Without changing a word, copy every line of the listing below and leave out the images.

> **AVAILABLE DATA**
+ + + +
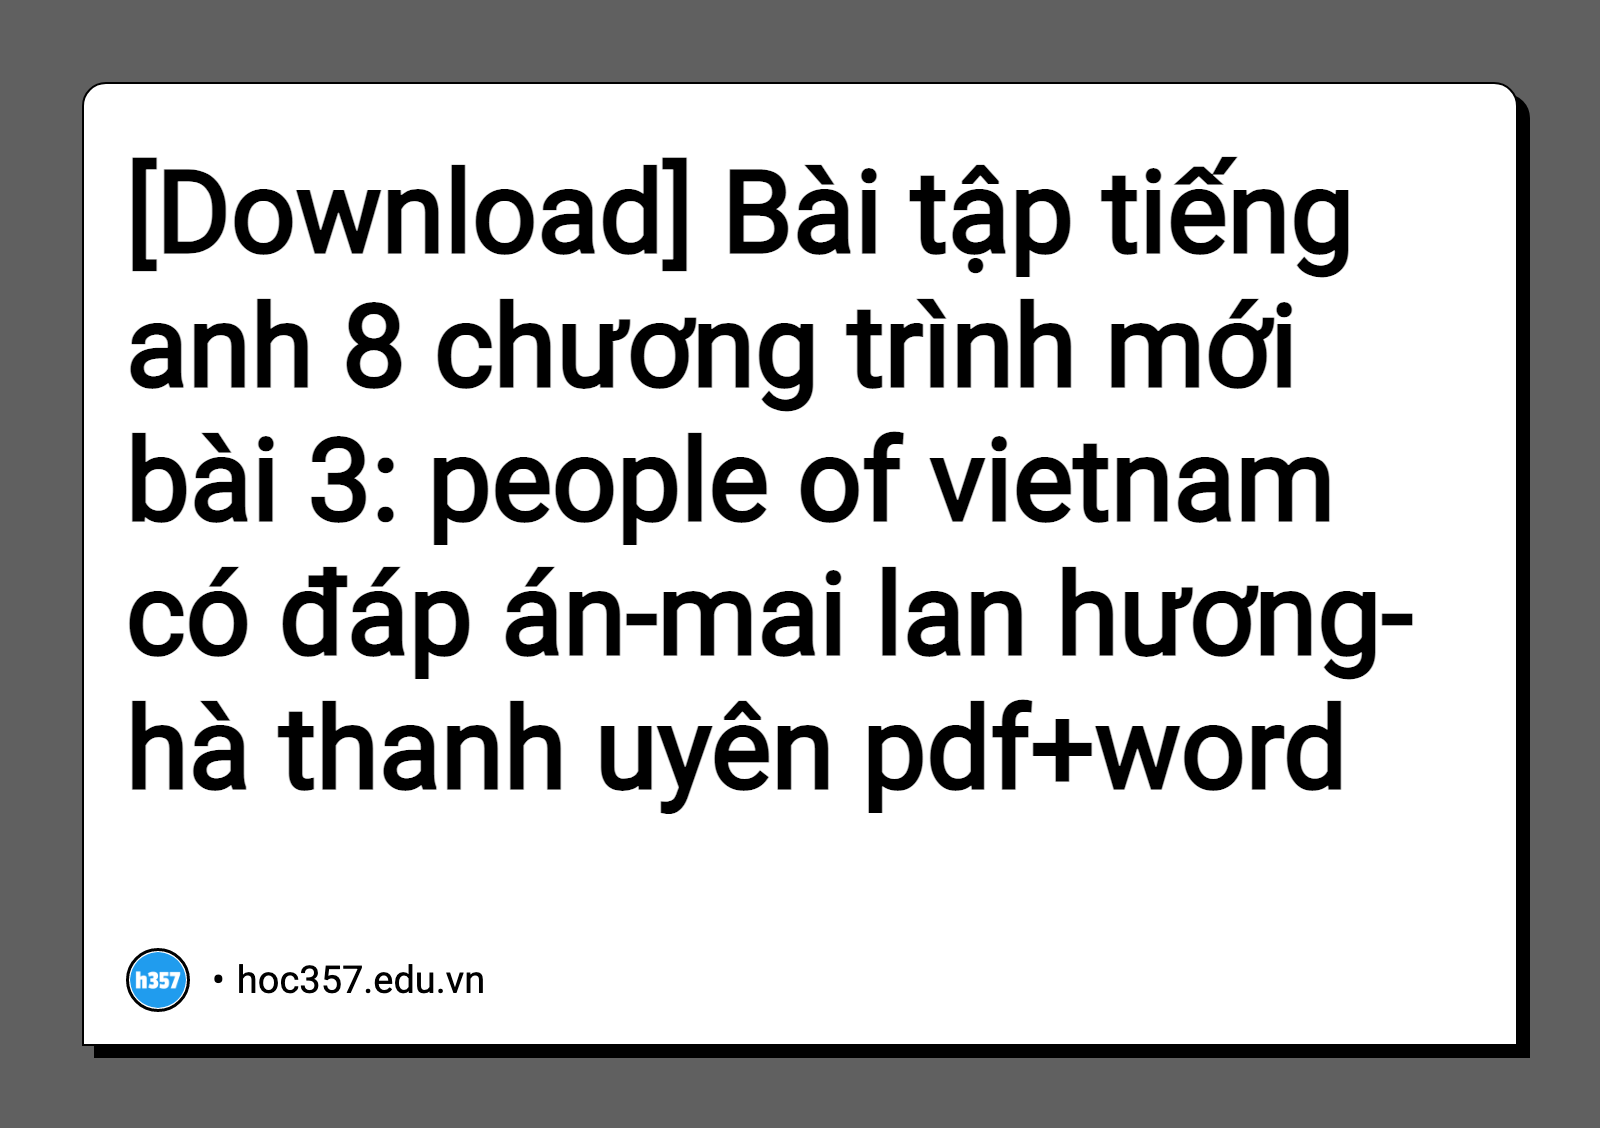 Hình minh họa Bài tập tiếng anh 8 chương trình mới bài 3: people of vietnam có đáp án-mai lan hương-hà thanh uyên
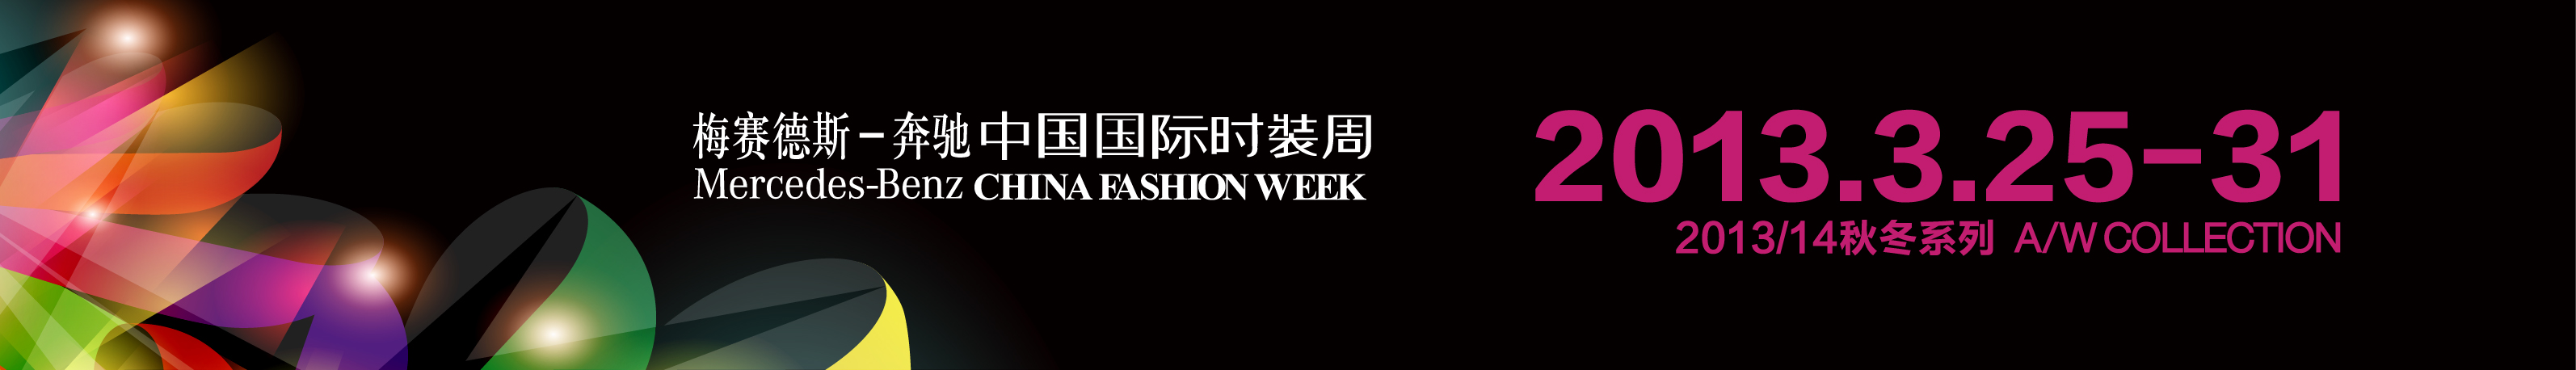 china fashion week
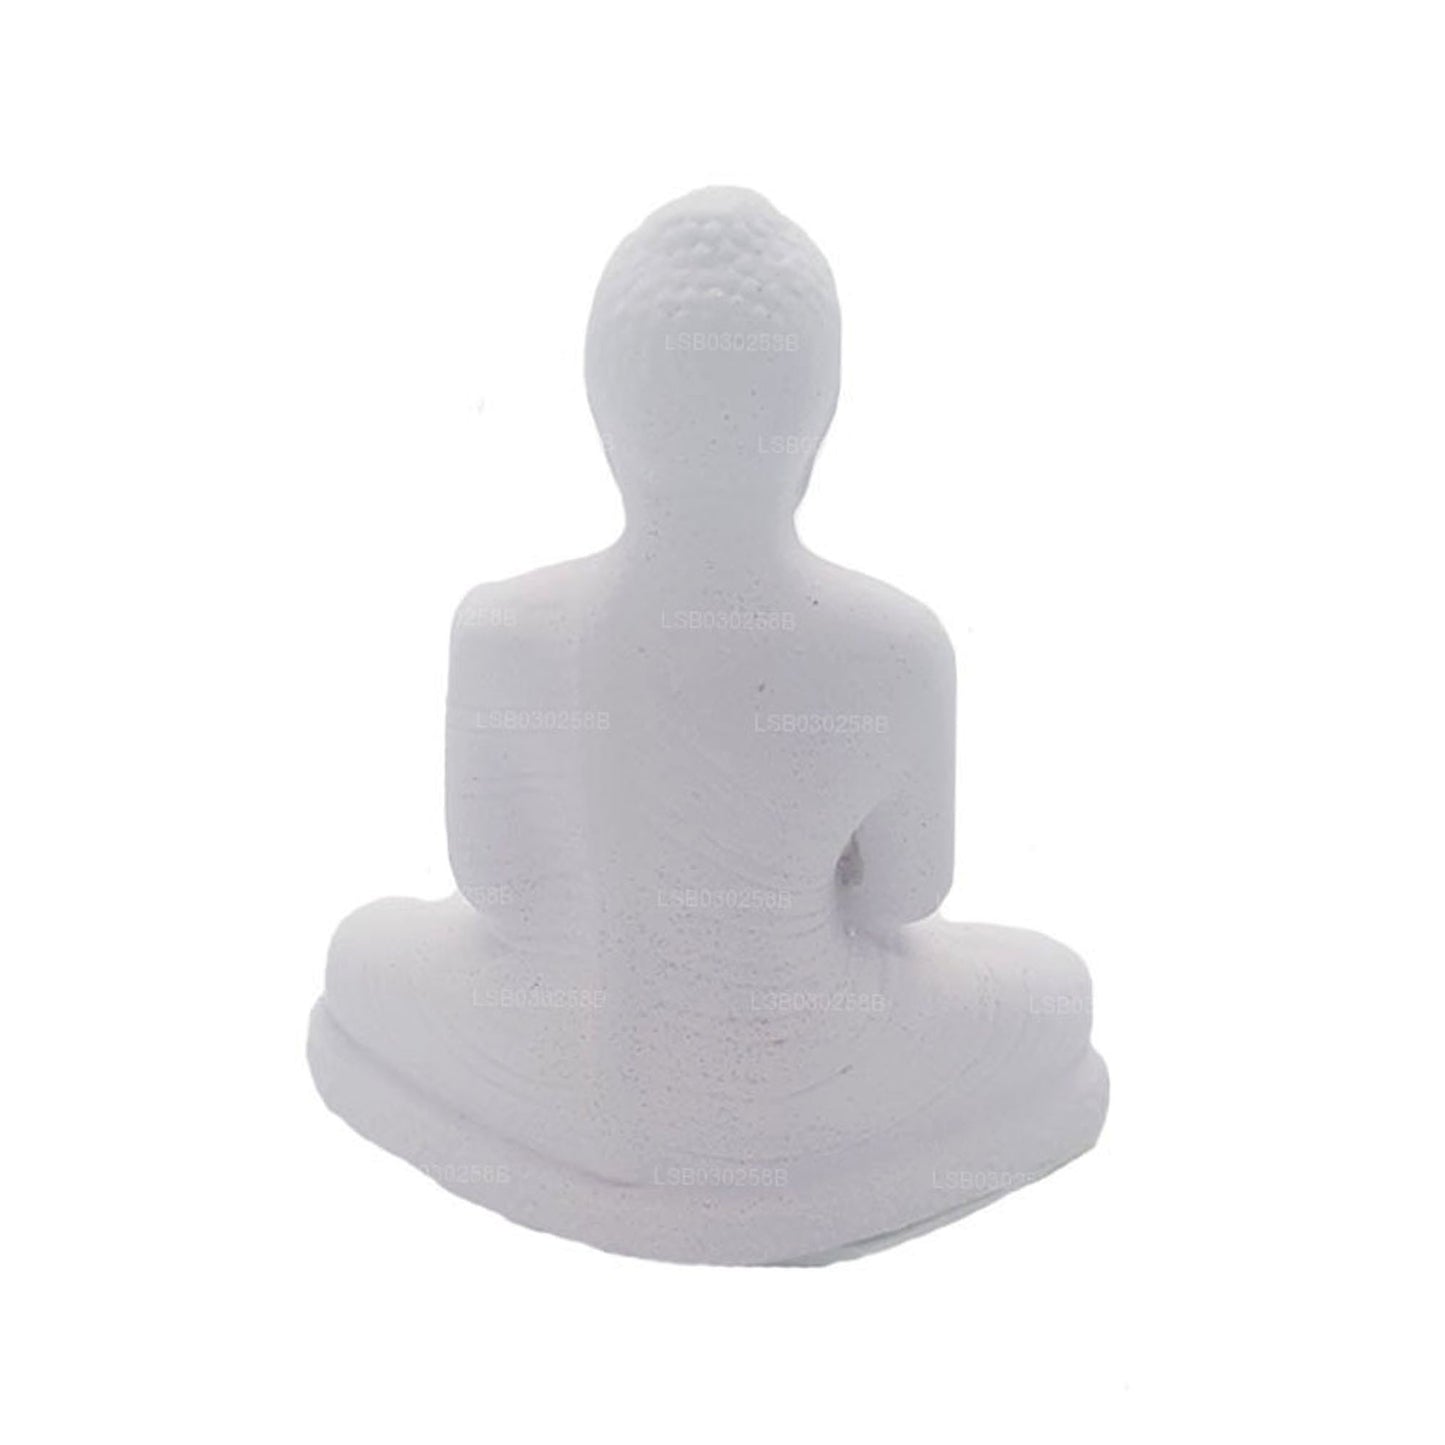 Статуя Будды (белый цвет) для приборной панели автомобиля (7 см x 3 см)
+ + + +
> **EXERCISE RESPONSE**
 Hình minh họa Bài tập tiếng anh 8 chương trình mới bài 3: people of vietnam có đáp án-mai lan hương-hà thanh uyên
 china fashion week
 Статуя Будды (белый цвет) для приборной панели автомобиля (7 см x 3 см)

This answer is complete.